Linda cannot remember the time before television. When she entered school for the first time at age six, there was “Howdy Doody Time” during the lunch hour in the apartment with Gus and Tim. The song “It’s Howdy Doody Time,” would stick in Linda’s head, but she cannot remember any of the stories or who the other characters on the show were. Mom’s favorite program was “I Love Lucy,” which Linda watched, sitting beside her mother, fascinated by these examples of how other people dressed, talked and lived. Lucy and her husband, Desi, argued a lot in the television show but always kissed and made up. Linda had never seen Mom and Dad, or for that matter, anyone else, kiss. Lucy and Desi, being real people in “I Love Lucy,” made them more memorable to Linda than the puppets on the “Howdy Doody Show.” For Linda, “I Love Lucy” was a small window into the wider world that she longed to know more about.
Public school was a long walk away from the ethnic ghetto where Linda and her family lived. Each day Linda walked across a foot bridge over an expressway to the other side of downtown where the school was located. On the very first day of school, the teachers dismissed the children for lunch, and Linda didn’t know what to do. Mom had walked Linda to school with Gus and Tim, but her mother was nowhere in sight at lunchtime. There was no big sister or big brother to tell Linda what to do, and she was too scared to ask the teachers, whom she couldn’t understand anyway since they spoke English and Linda spoke her mother’s home country’s language.

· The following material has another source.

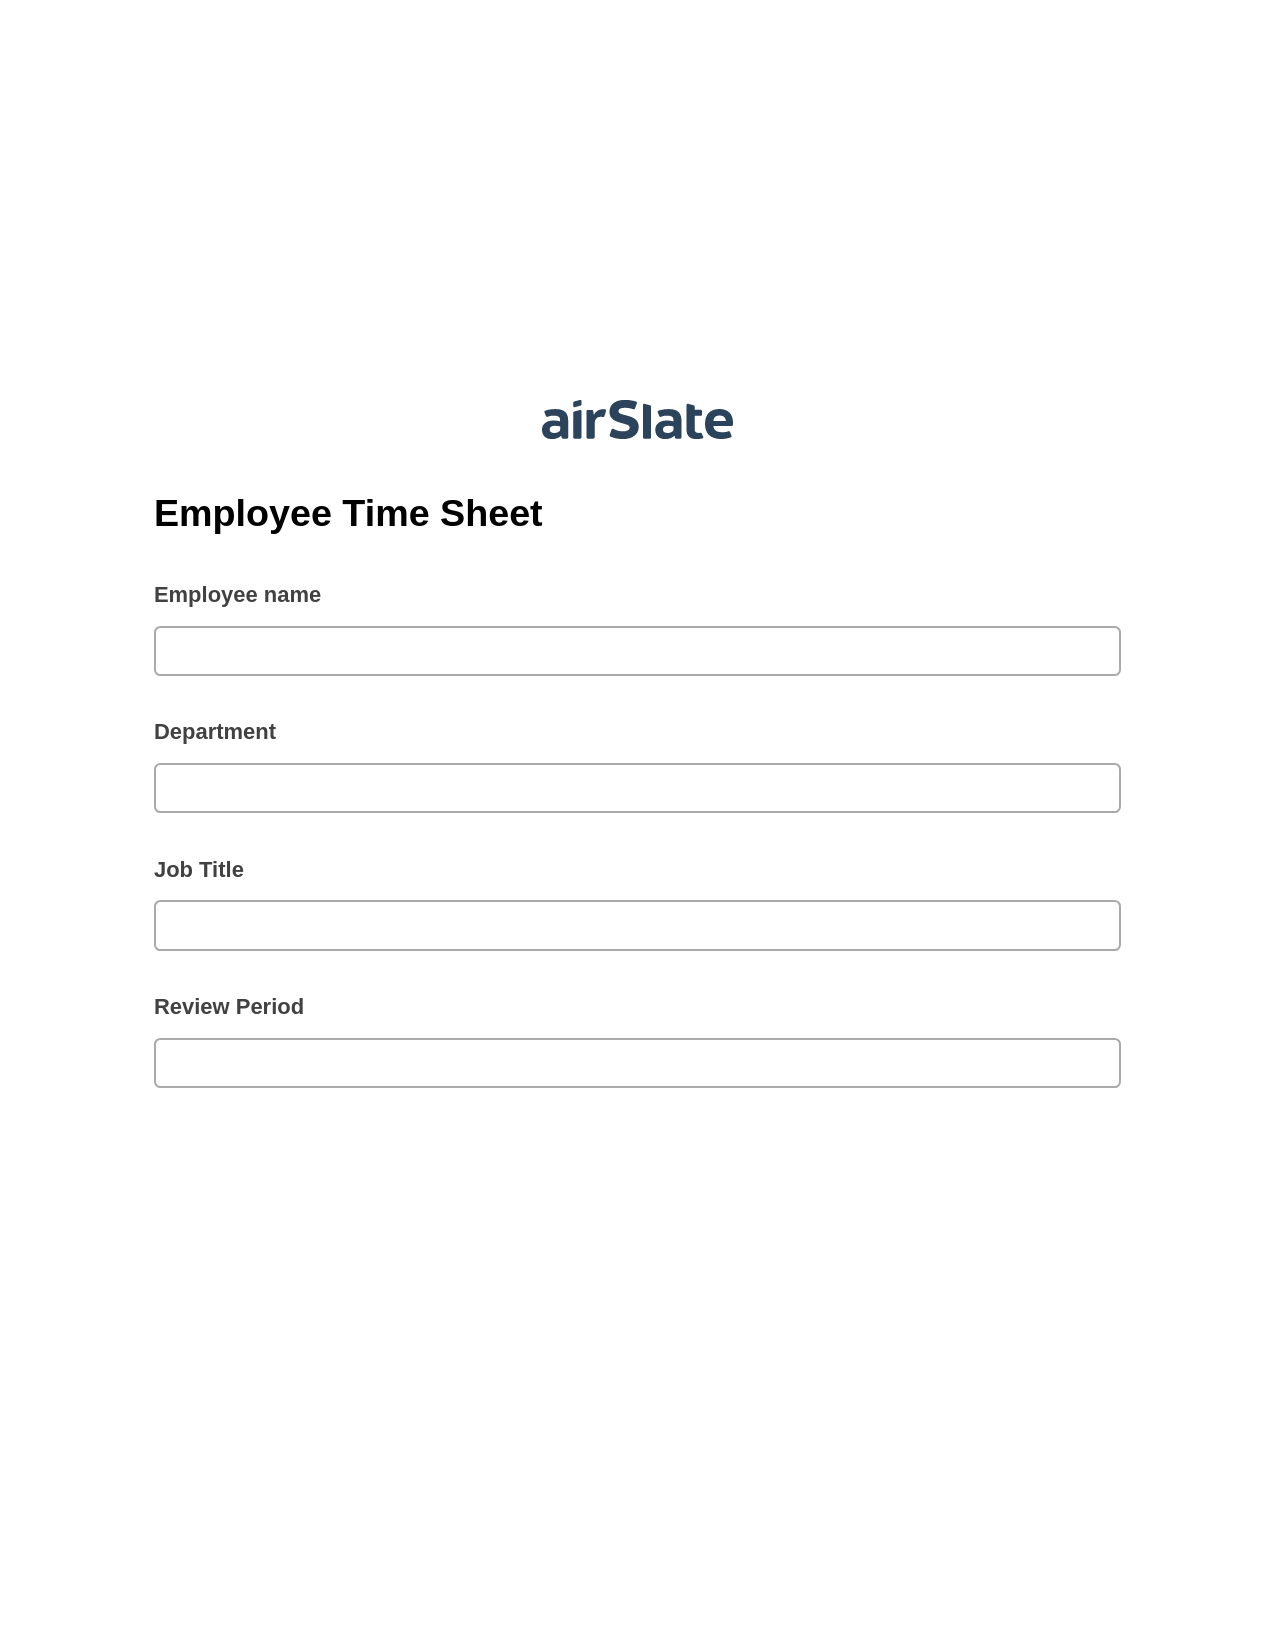 Multirole Employee Time Sheet Pre-fill Dropdowns from CSV file Bot, Create Salesforce Records Bot, Export to Smartsheet

Linda finally decided to follow the other kids, got into the lunch line and was led into the lunchroom where she sat down and had a hot lunch of unfamiliar food. Then the teacher noticed Linda, realized that she wasn’t signed up for hot lunch and sent her home for lunch. All the other kids who walked home for lunch had already left, and poor Linda had to run all the way home across the foot bridge by herself. “What a dummy,” Linda thought to herself, as ran into the apartment to eat lunch with Gus and Tim and watch “Howdy Doody Time.” Linda managed to chew and swallow a second lunch without anyone knowing that she had already eaten strange food at school. That was the first of many secrets that Linda would keep.

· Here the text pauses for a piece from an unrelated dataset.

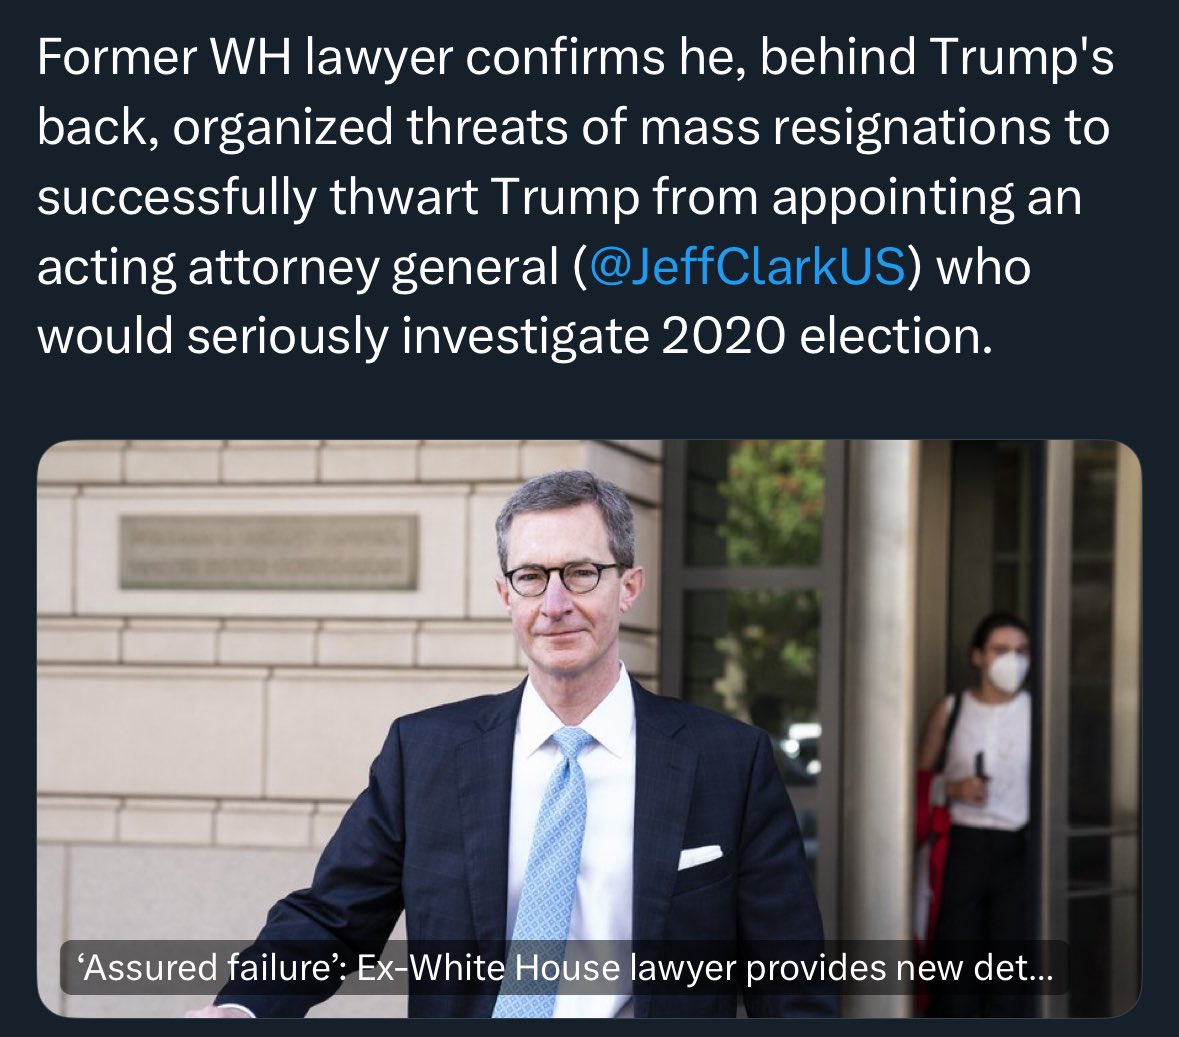 ELECTION FRAUD: Trump’s White House lawyer admitted to engineering a plan, with the help of top DOJ officials, to prevent any investigation into 2020 election fraud. The DOJ never investigated any of the incidents witnessed by the GOP and the courts cooperated.

One summer evening, after Linda and her family had moved to a new apartment across town, because Mom got a job ironing shirts in a laundry, there was a big thunderstorm, and the sky got very black outside even though it was early. Linda and her brothers and Mom were hunched together in the living room watching the black and white television. A murder mystery was on, and the music became very dramatic whenever the story got to a scary part. Since Gus and Tim were leaning on either side of her, Mom couldn’t get up to turn the volume down on the television and asked Linda to do it for her. Linda liked being the eldest child and being helpful; so got up to do as she was asked. But Linda turned the knob the wrong way. The volume got very loud suddenly. The loudness startled Linda so much that Linda shrieked, and Mom had to jump up quickly and turn the volume down herself. Besides the television, the only other electric device in the apartment was the radio. The clock was a wind-up Big Ben that the kids took turns winding for Mom each night.
From that day forward, Linda avoided dealing with electric devices, because she was afraid that they would do unpredictable and scary things. What those unpredictable and scary things were are stories for another telling.